On June 11, shelter staff will put down syringes and pick up cameras. Instead of injecting animals with lethal doses of sodium pentobarbital, they will photograph them and post them on the Internet. They will market their animals to the public, they will reach out to rescue groups, they will host adoption events with discounted rates, they will stay open for extended hours, and they will ask their communities to help them empty the shelter the good way.

Instead of going into body bags in freezers, animals will go out the front door in the loving arms of families. At the end of the day, the shelters will be emptier than when the day started. And no one will have had to die in order to make that happen.

Each day in America's animal shelters, about 10,000 healthy or treatable dogs and cats are killed. Historically, these deaths have been blamed on so-called "overpopulation". However, a growing body of research clearly shows that there are plenty of homes wanting new pets to ensure that all savable animals in shelters can get new families.

Policy changes in shelters can and have ended the killing.
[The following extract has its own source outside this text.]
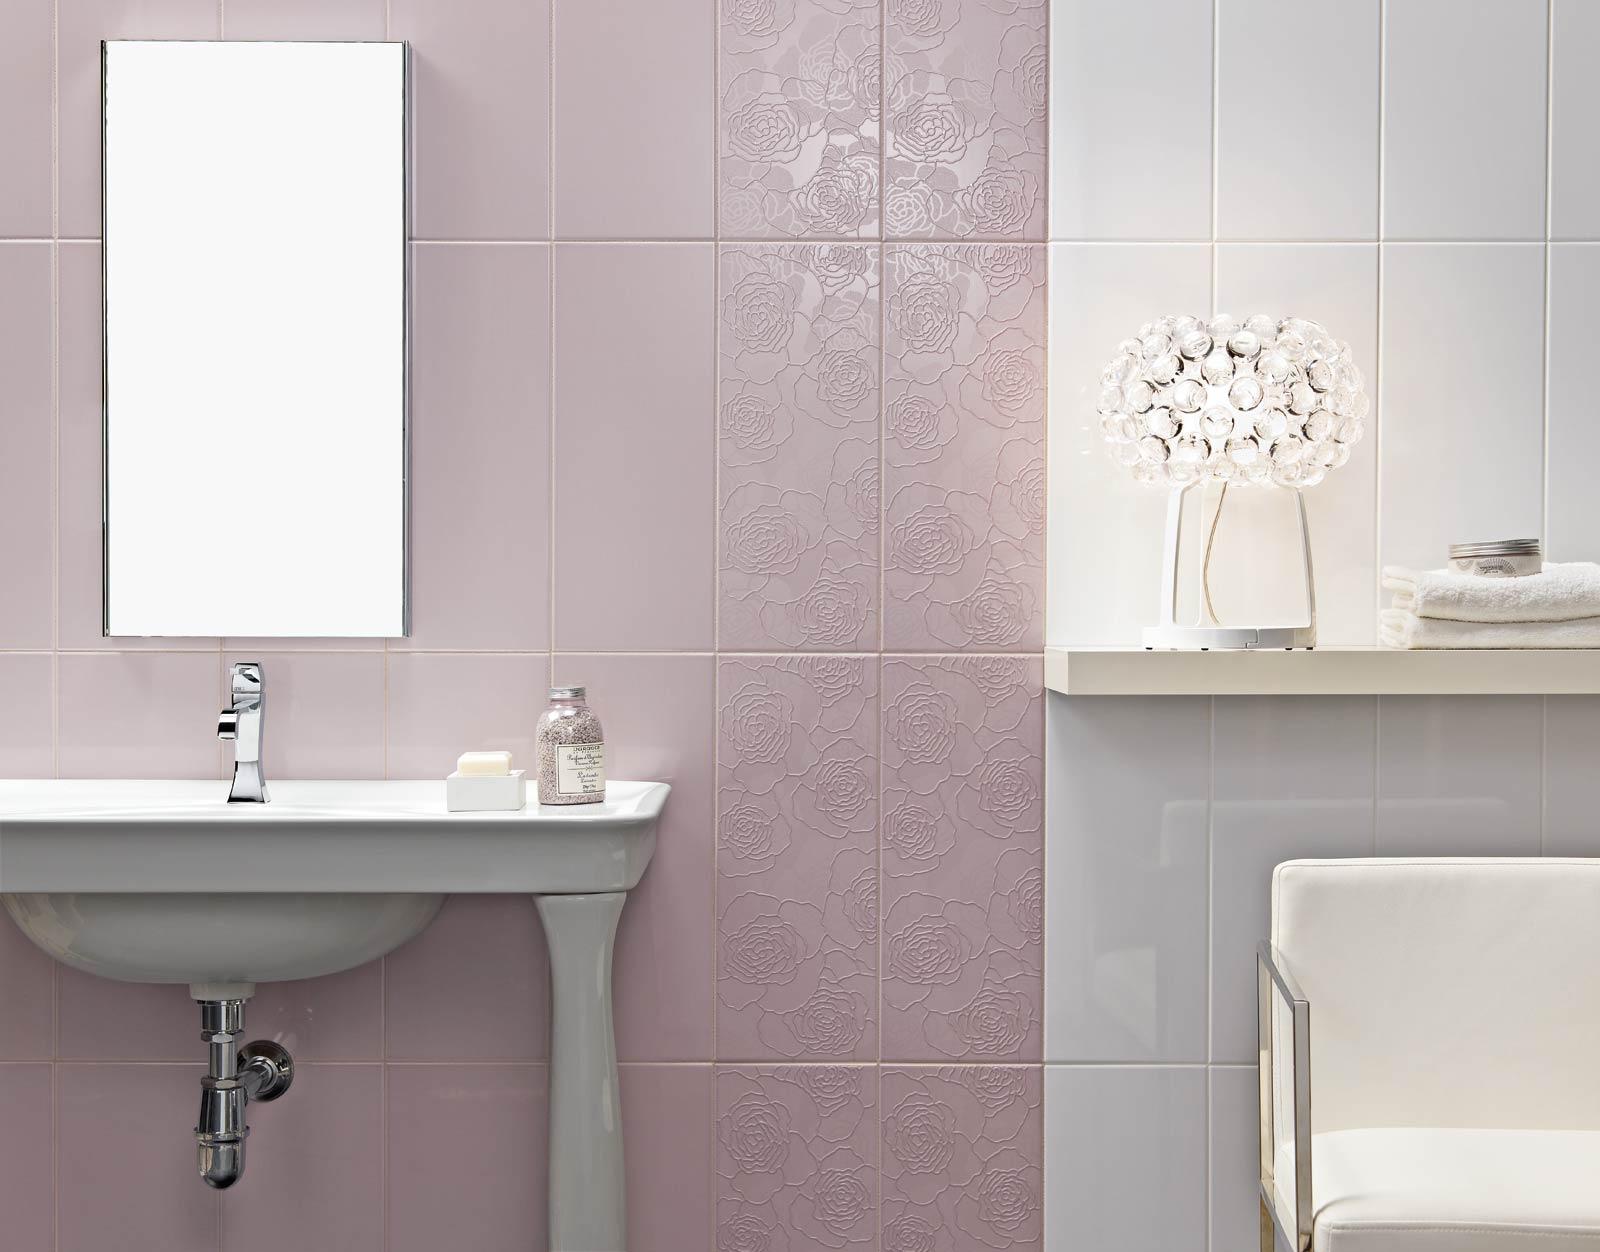 Viola marazzi - Smalti bicomponenti per pitturare piastrelle o ceramiche ...

More than 200 cities, counties and towns have already implemented a set of programs that have permanently ended shelter killing. Just One Day offers other shelters an opportunity to experience the fun, joy and excitement these other shelters experience regularly.

June 11, 2012 was the inauguration of Just One Day. It was an inspiring success with animal welfare advocates all over the nation declaring it the safest day for shelter animals in US history. Nearly 800 organizations participated. Nearly 9,000 lives were saved. In 2013, about 1,200 organizations participated, saving more than 12,000 animals, more than erasing a typical day of killing.

"Some shelters literally ran out of animals," said Nathan Winograd of the No Kill Advocacy Center. "With empty cages all over their shelters, many of them realized they were not going to have to kill any animals on June 12 either. Many decided to continue their events each day for Just One More Day."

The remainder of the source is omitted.